Duas delas eram professoras e lecionavam pelo interior do estado. Casaram, uma, com um viajante comercial e a outra, com um fazendeiro lá para os lados da fronteira com o Uruguay. Três delas casaram-se com italianos que se radicaram no Brasil, uma foi para São Paulo, onde o marido explorava o ramo de restaurantes e outra foi para Minas Gerais, onde o marido dedicou-se às pedras preciosas que enviava para a Europa e lhe dava um bom retorno em dinheiro. Havia, ainda, a Condessa Volpe, cujas peripécias sempre divertiram e preocupavam a família. Os dois irmãos de Jerônimo dedicaram-se ao comércio do vinho e tornaram-se abastados comerciantes de exportação e importação. Margherita continuava leitora de romances, agora, com maior facilidade para adquiri-los, pois já lia em português, ensinado pelas filhas. Não fazia nenhum trabalho, pois as filhas não lhe permitiam.
        Foi no início de um outono, lá por 1928, que Giuseppe adormeceu e não mais acordou. A colônia em peso foi aos seus funerais e a profusão de flores encheu o pequeno cemitério da região. Houve discursos e orações. Afinal, ali se extinguia um pouco da história da imigração italiana no sul do Brasil. Ali encerrava a história de um cidadão italiano que, mesmo cônsul honorário da Itália, amava o Brasil e encontrou aqui uma nova pátria, onde teve a satisfação de ser útil aos seus contemporâneos, tanto no trabalho como no exemplo de dignidade perante sua comunidade e como exemplar  chefe de família. Aqui viveu seu sonho, sem nunca alcançar o ápice, mas lutando até o fim por dias melhores. Essa foi a maior herança que legou aos seus descendentes; a saga pela conquista dos sonhos.
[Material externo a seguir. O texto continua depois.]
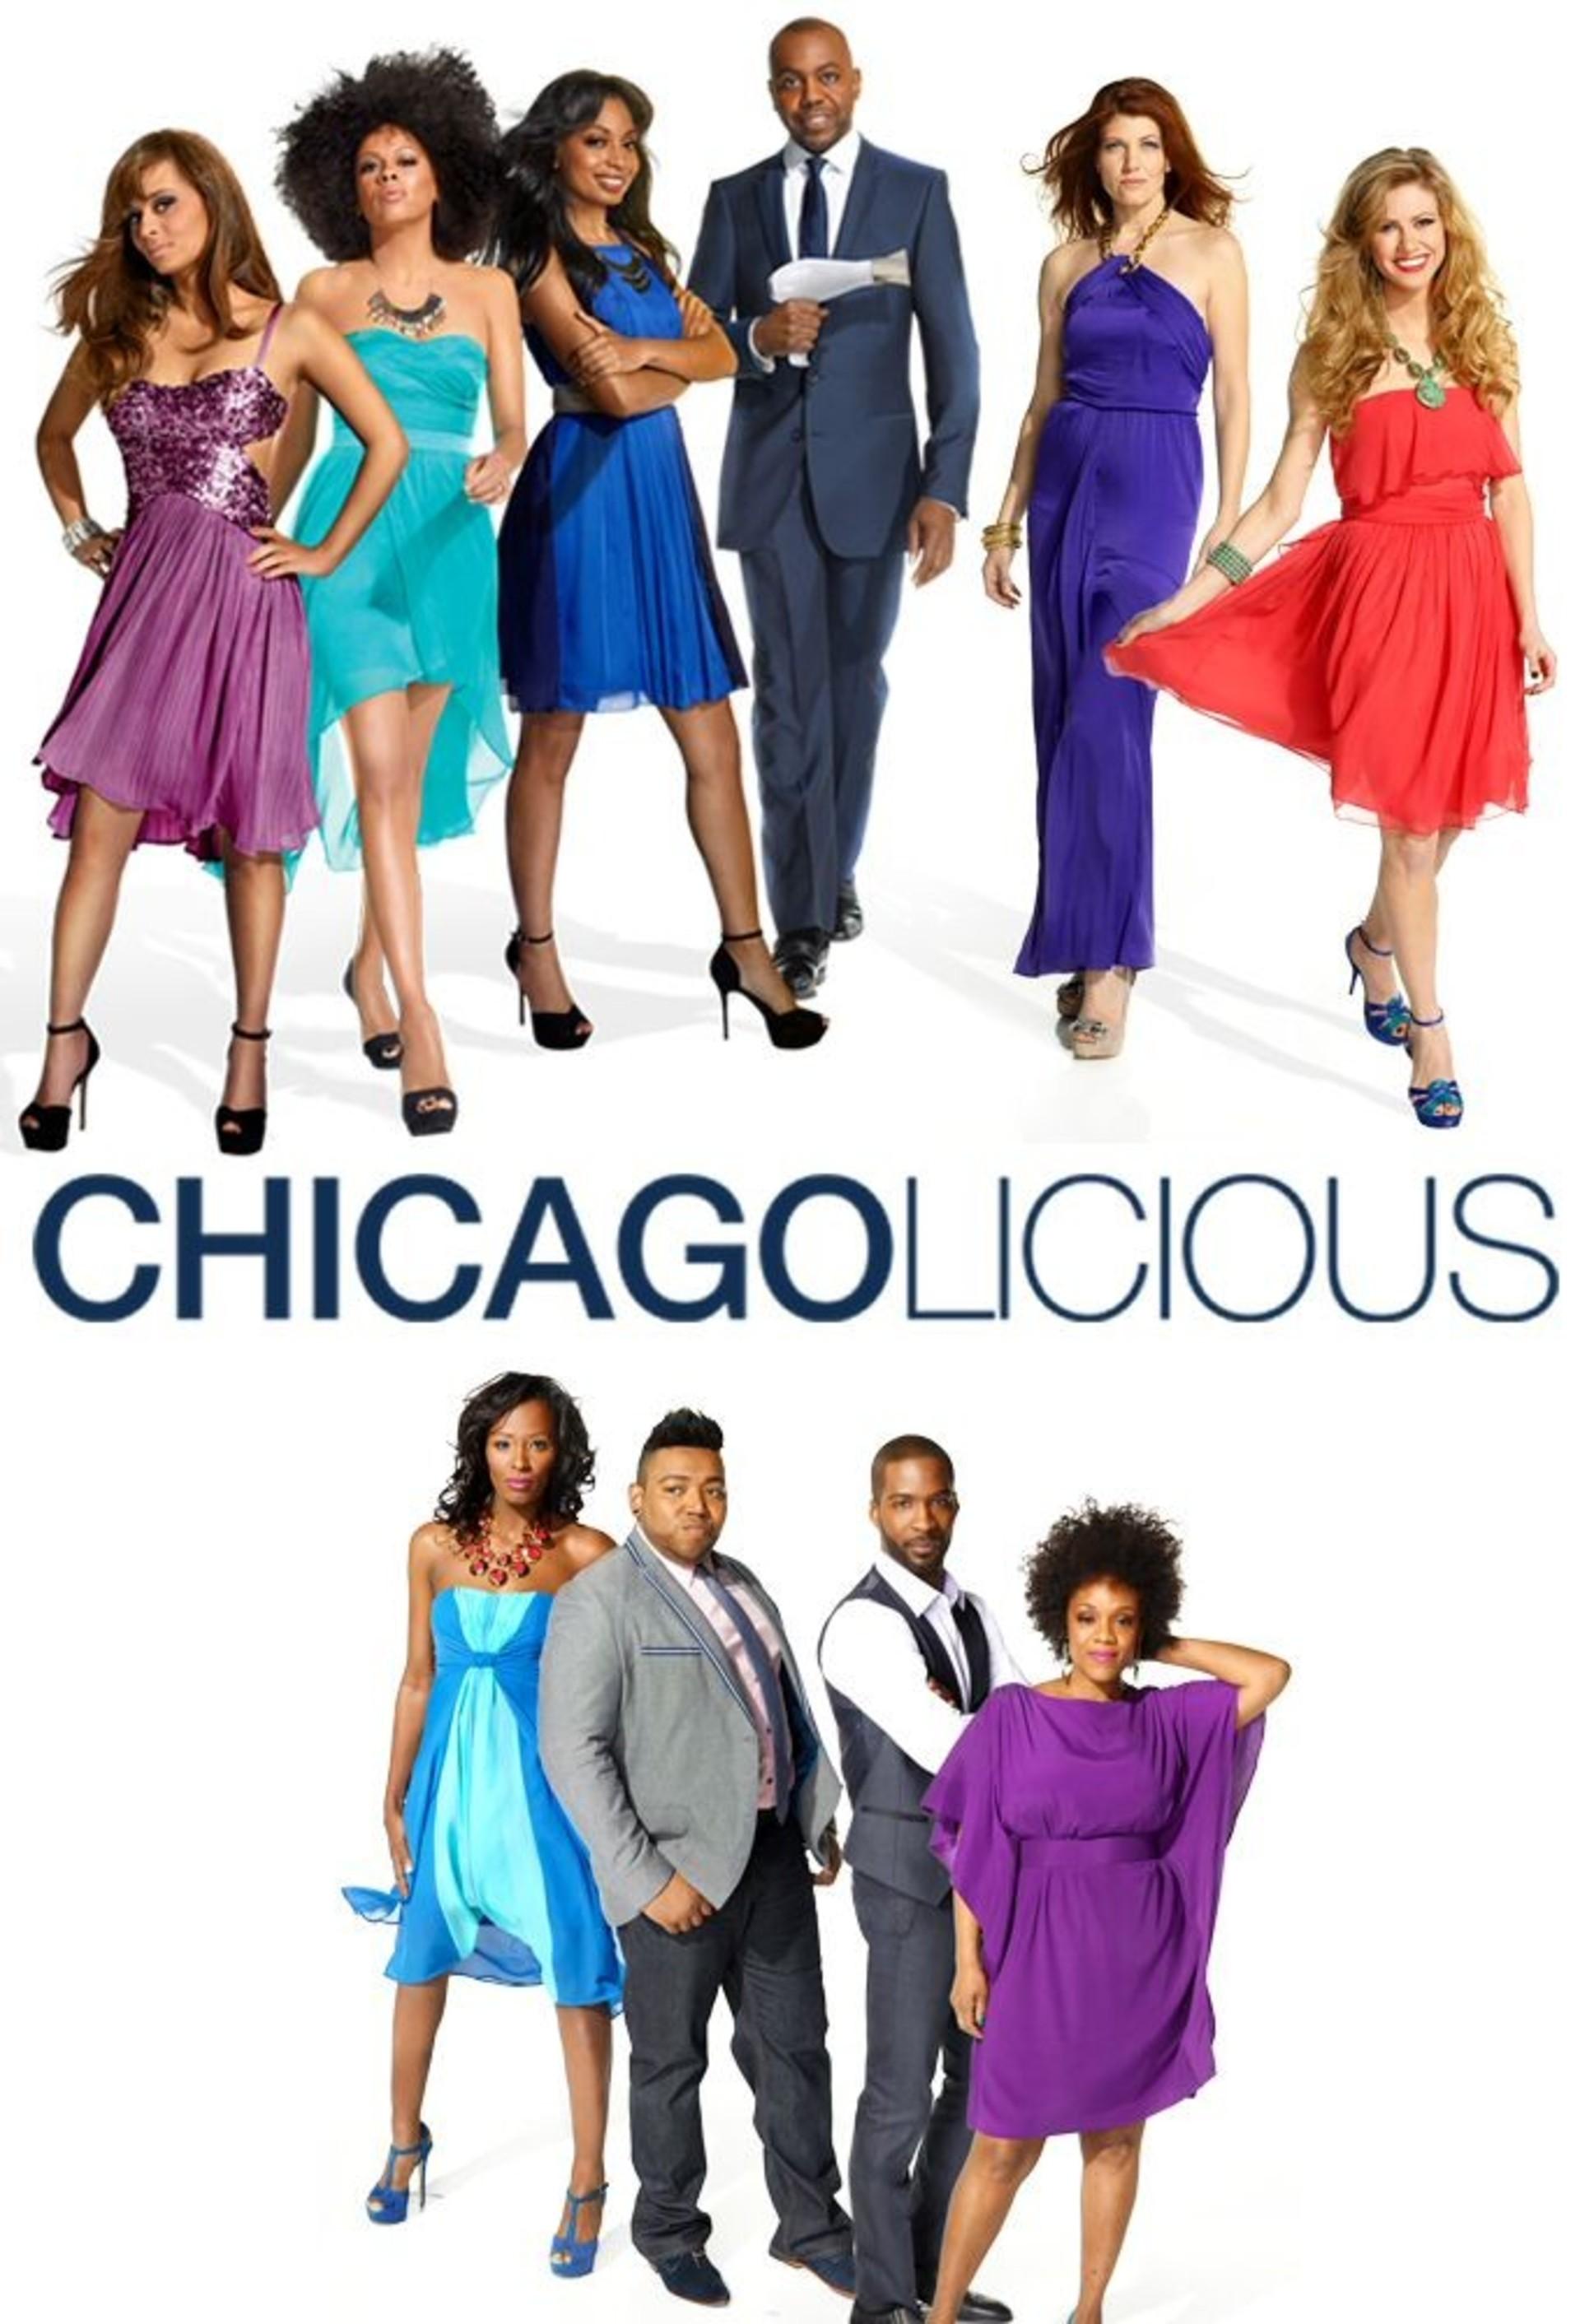 Chicagolicious: Season 1

        Margherita partiu bem depois, pois sobreviveu ao marido por mais de 30 anos. Houve um episódio desagradável para todos italianos residentes aqui, foi quando o Brasil entrou na Segunda Grande Guerra Mundial contra a Alemanha e Itália. Os italianos e seus descendentes foram perseguidos pelas polícias da Ordem, Política e Social brasileiras, em todos os municípios onde se instalaram. Margherita viu horrorizada o arrombamento da sede do consulado por policiais, portando enxadas e foices, destruindo tudo. Os arquivos tão bem organizados por Giuseppe foram destruídos e queimados. Com esse ato, a história da imigração perdeu importantes documentos. Ela e as duas filhas, Luna e Lucrécia foram injuriadas com palavras de baixo calão. Margherita reviveu a invasão dos austríacos na sua pátria, há mais de meio século antes. Foi um dia muito triste e que marcou sua alma sensível, plantou em seu coração uma certa mágoa contra o governo brasileiro de então.  Felizmente a guerra acabou e o tempo trouxe paz aos italianos, alemães e seus descendentes. Margherita, apesar de muitos compatriotas terem tentado conquistá-la, preferiu ficar só com as filhas solteiras. Seu tempo era ocupado com a própria família e os netos que enchiam de alegrias sua casa. Foi uma mãe e uma avó inesquecível. Romântica por natureza, legou às filhas, netas e bisnetas este traço sedutor da mulher italiana.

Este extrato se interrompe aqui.